When the CPU does a cmp operation, it will try to get it from the CPU cache and if it isn’t there it will go to machine memory and fetch it. When the data is not in the cache we experience a cache-miss. Thumb rule is 10 cycles for using data in the cache and 100 cycles from memory. If you are lucky (or extremely careful) all your bits will be in the same cache line. A cache line is the block the data is fetched in from the memory into the CPU cache. In the above example you might experience 3 cache-misses. If you are using a byte for example as your bit field, the entire state will be loaded into the cache and will require only one memory access. Modern CPUs have 32-64 byte cache lines. Assembly:

if (myColor == (ColorsEnum.Blue | ColorsEnum.Green))

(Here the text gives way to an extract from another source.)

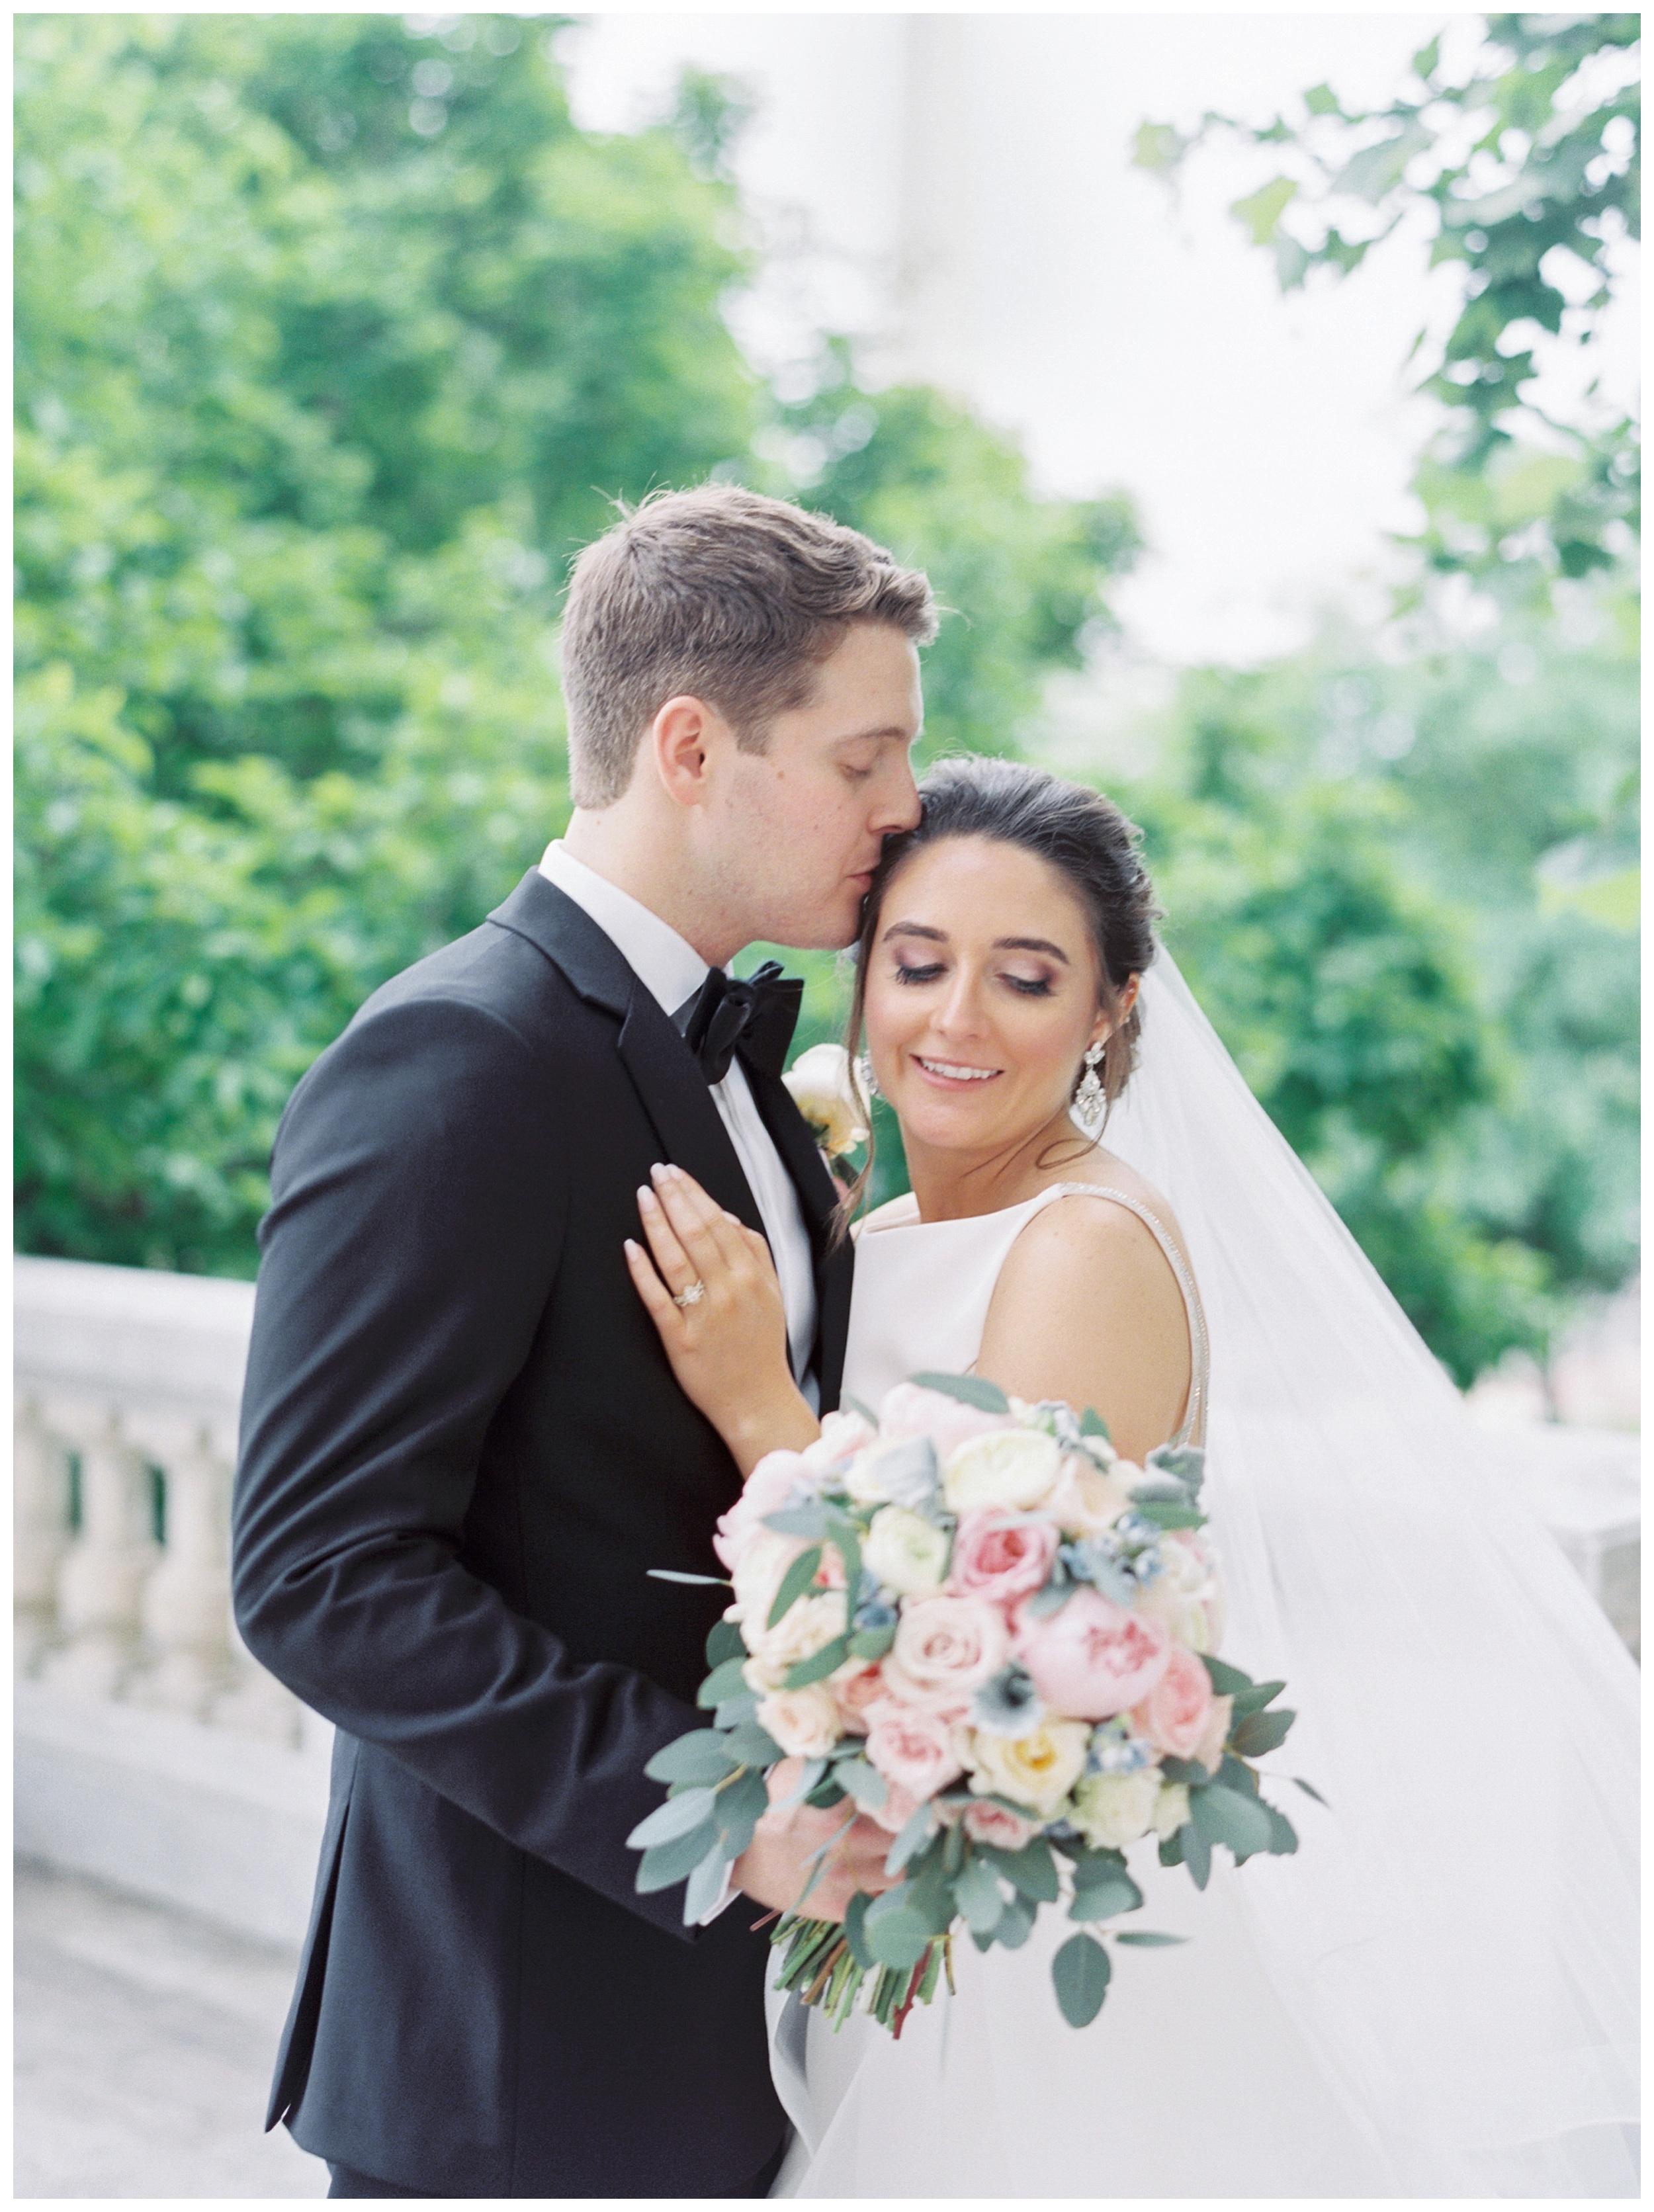 DAR Constitution Hall Wedding Wedding | Daughters of the American Revolution Wedding | District of Columbia Film Wedding Photographer Kir Tuben_0100.jpg
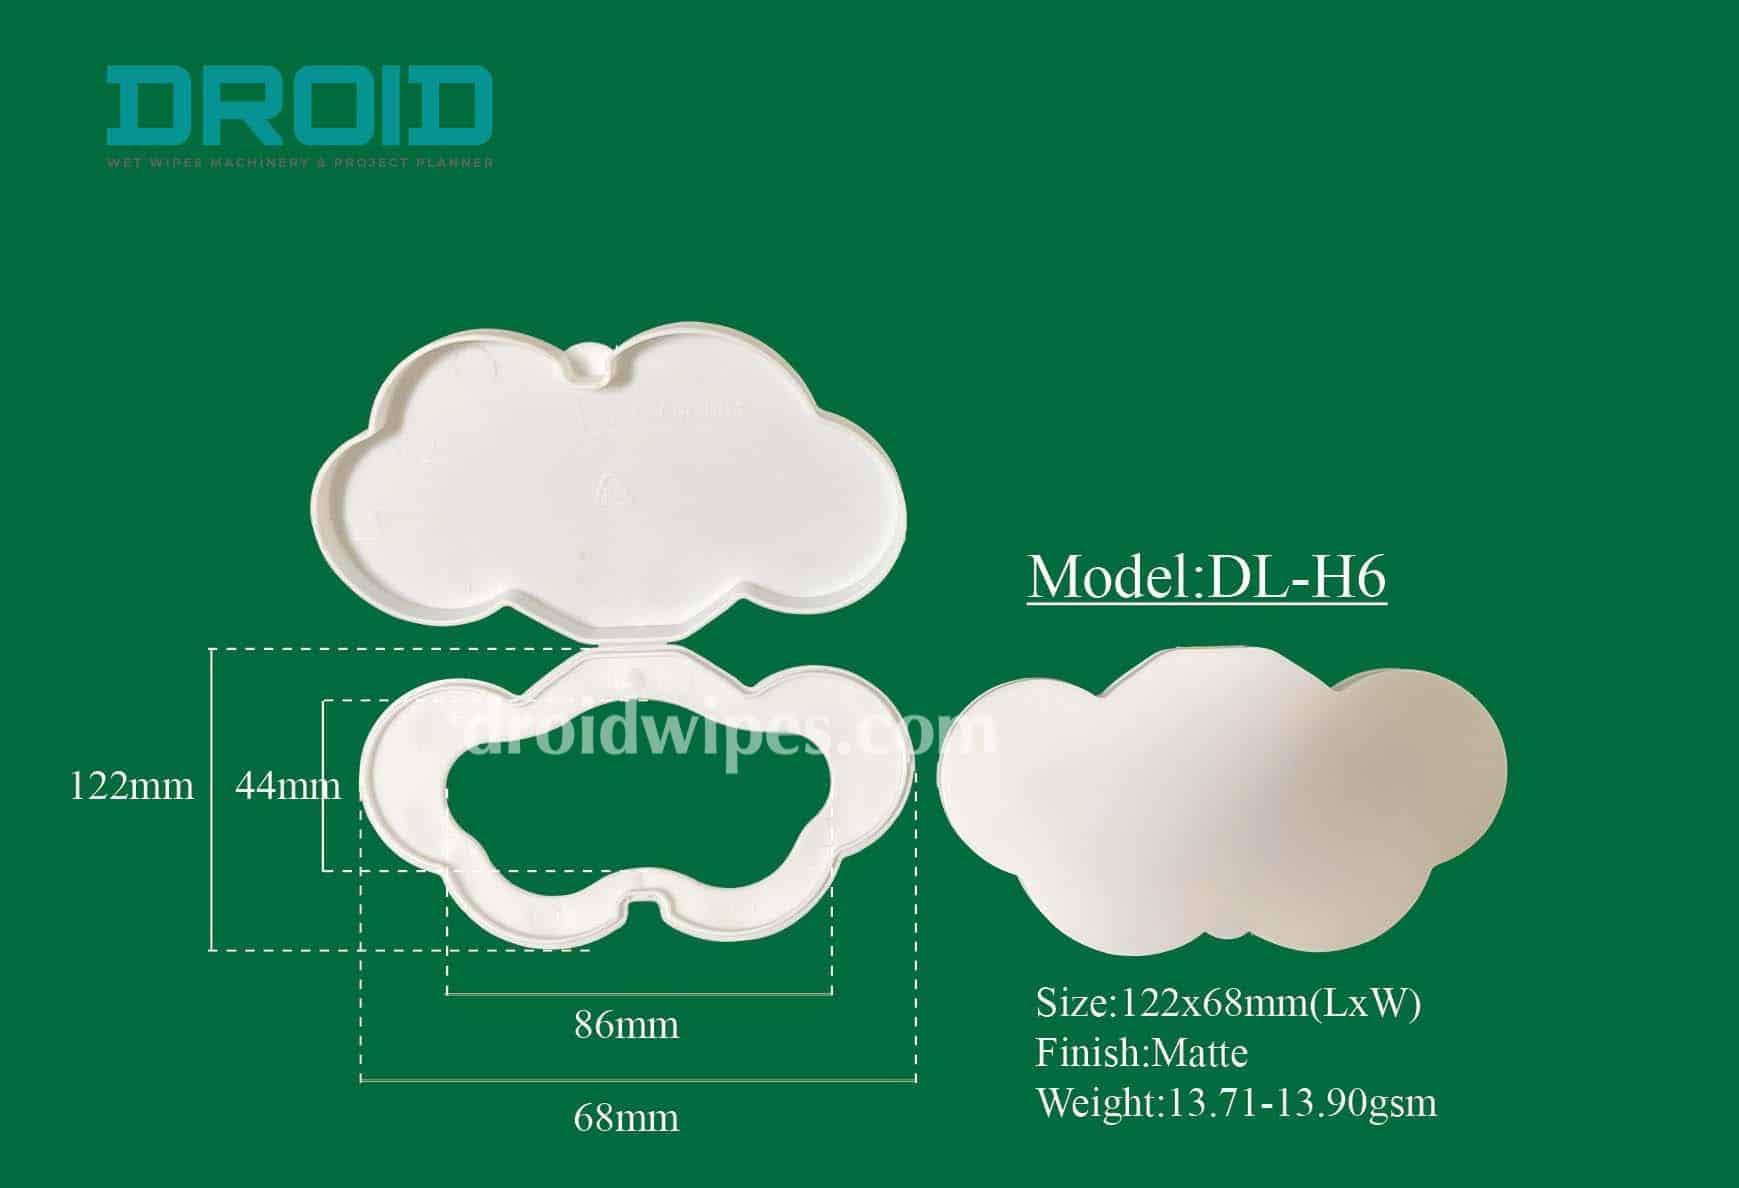 Plastic lid for wet wipes 5 - Plastic Lid for Wet Wipes

000000f3 cmp dword ptr [ebp-0Ch],6 
000000f7 jne 00000104
{
Console.WriteLine("true");
000000f9 mov ecx,dword ptr ds:[032F2088h]
000000ff call 0485D3E4
}
 
Console.ReadLine();
00000104 call 04E24F64

Not only we have 2 instructions instead of 6, we do only one memory access. These numbers will hold for any number of bits and any combination of states the enum is in. ‘Nough said, bitfields rock.